## Your task
Would you please restate the data exactly as it stands, apart from the pictures?

## Dataset content
··········

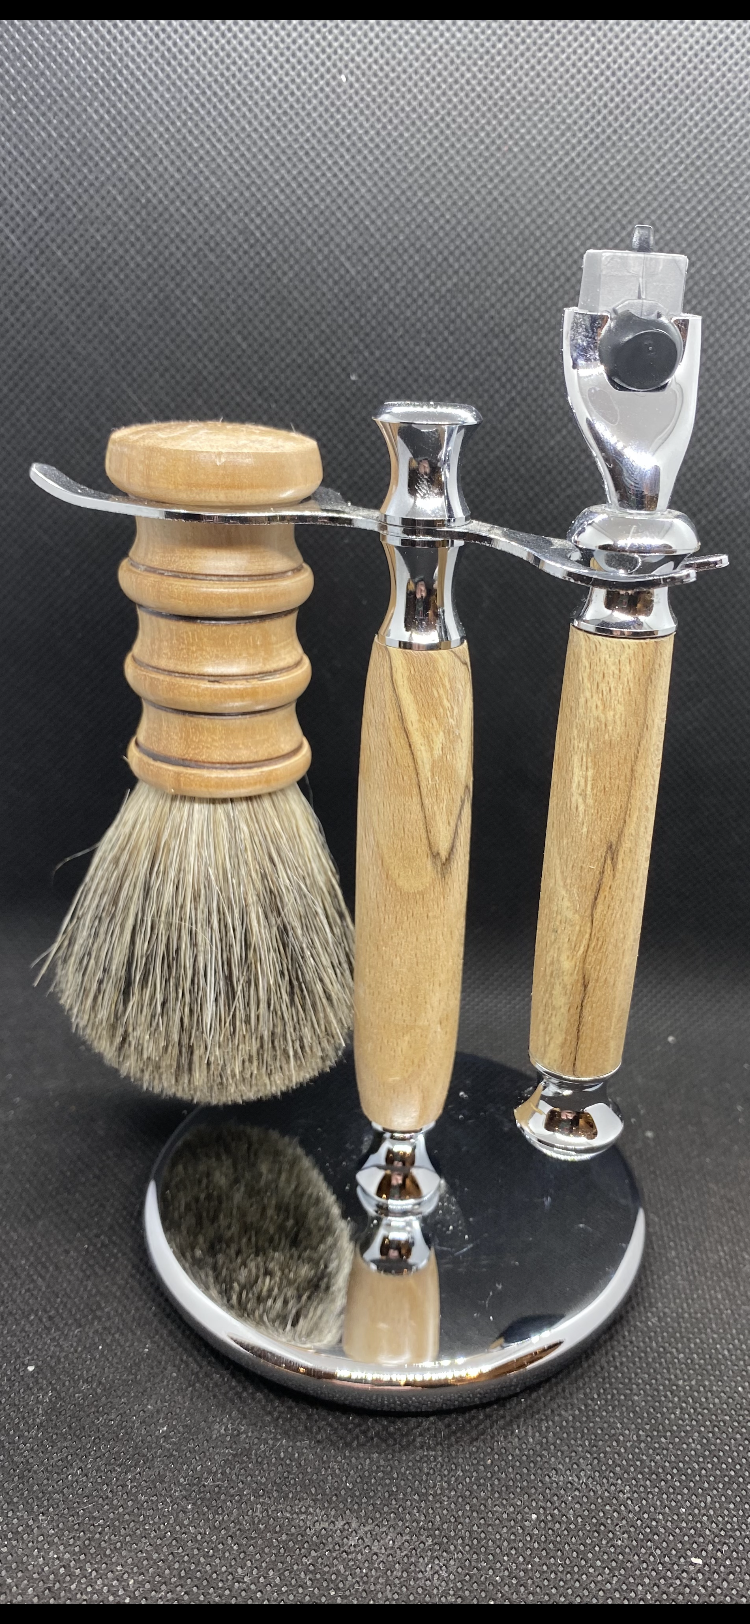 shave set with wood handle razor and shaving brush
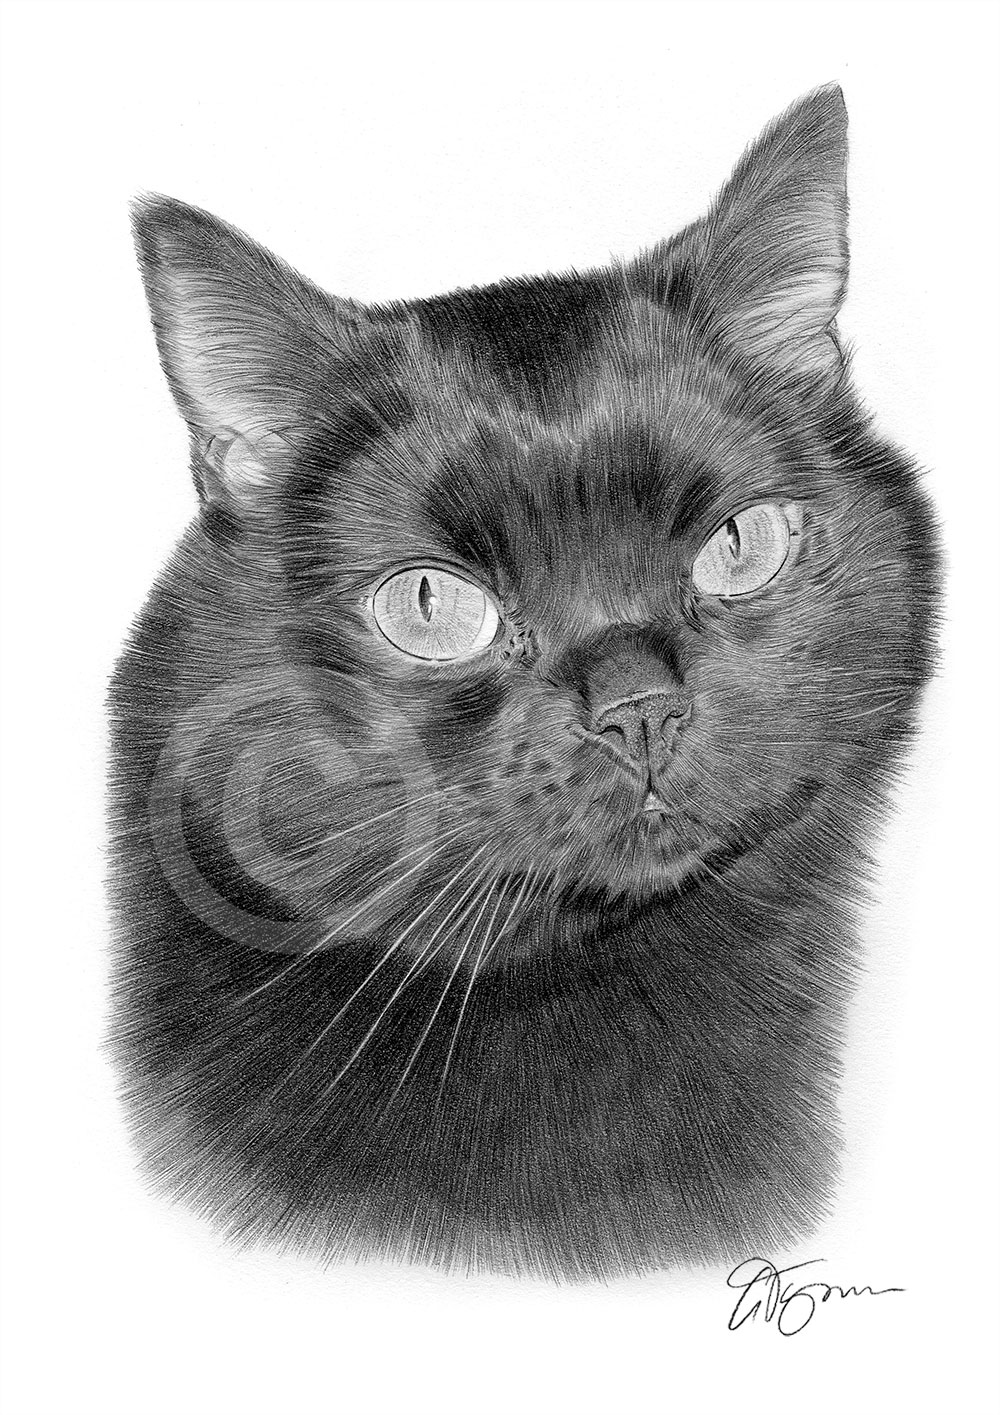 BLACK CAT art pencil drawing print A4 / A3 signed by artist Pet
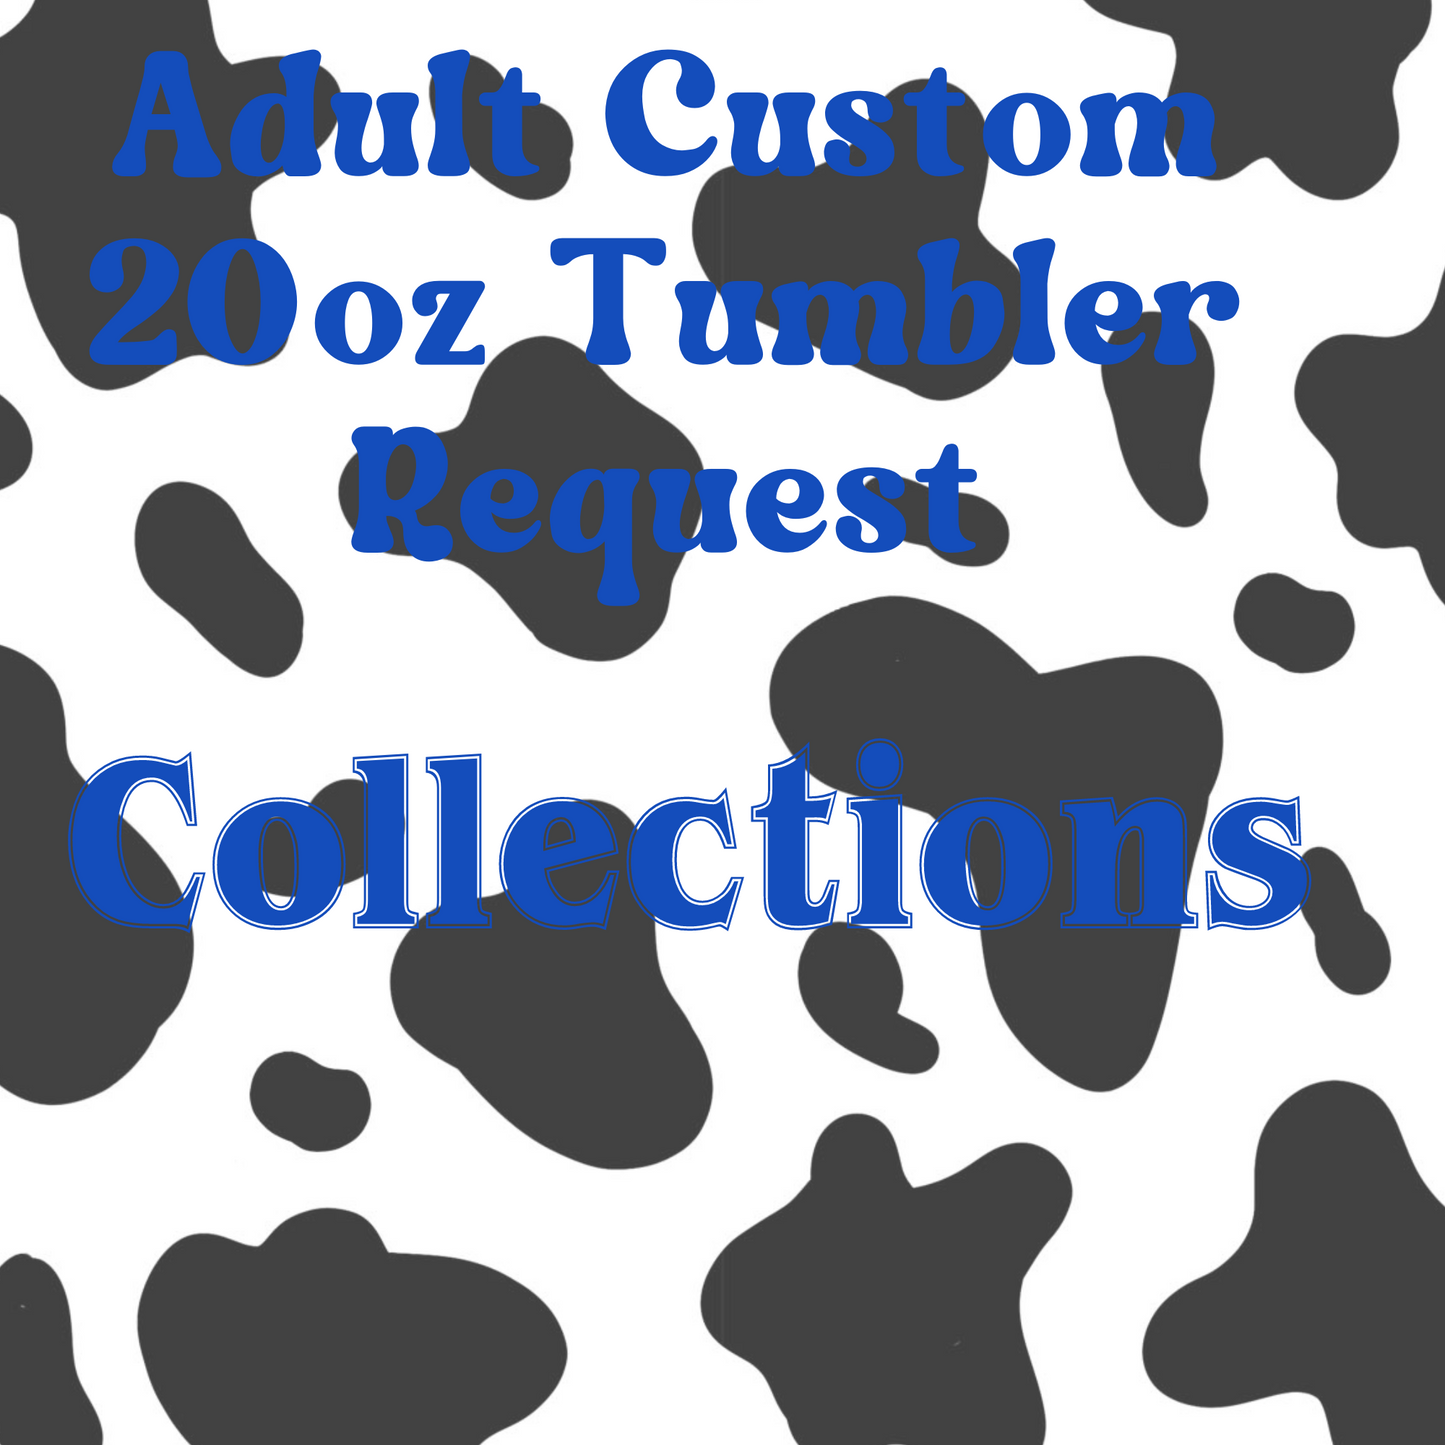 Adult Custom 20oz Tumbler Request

··········

## Solution
 shave set with wood handle razor and shaving brush
 BLACK CAT art pencil drawing print A4 / A3 signed by artist Pet
 Adult Custom 20oz Tumbler Request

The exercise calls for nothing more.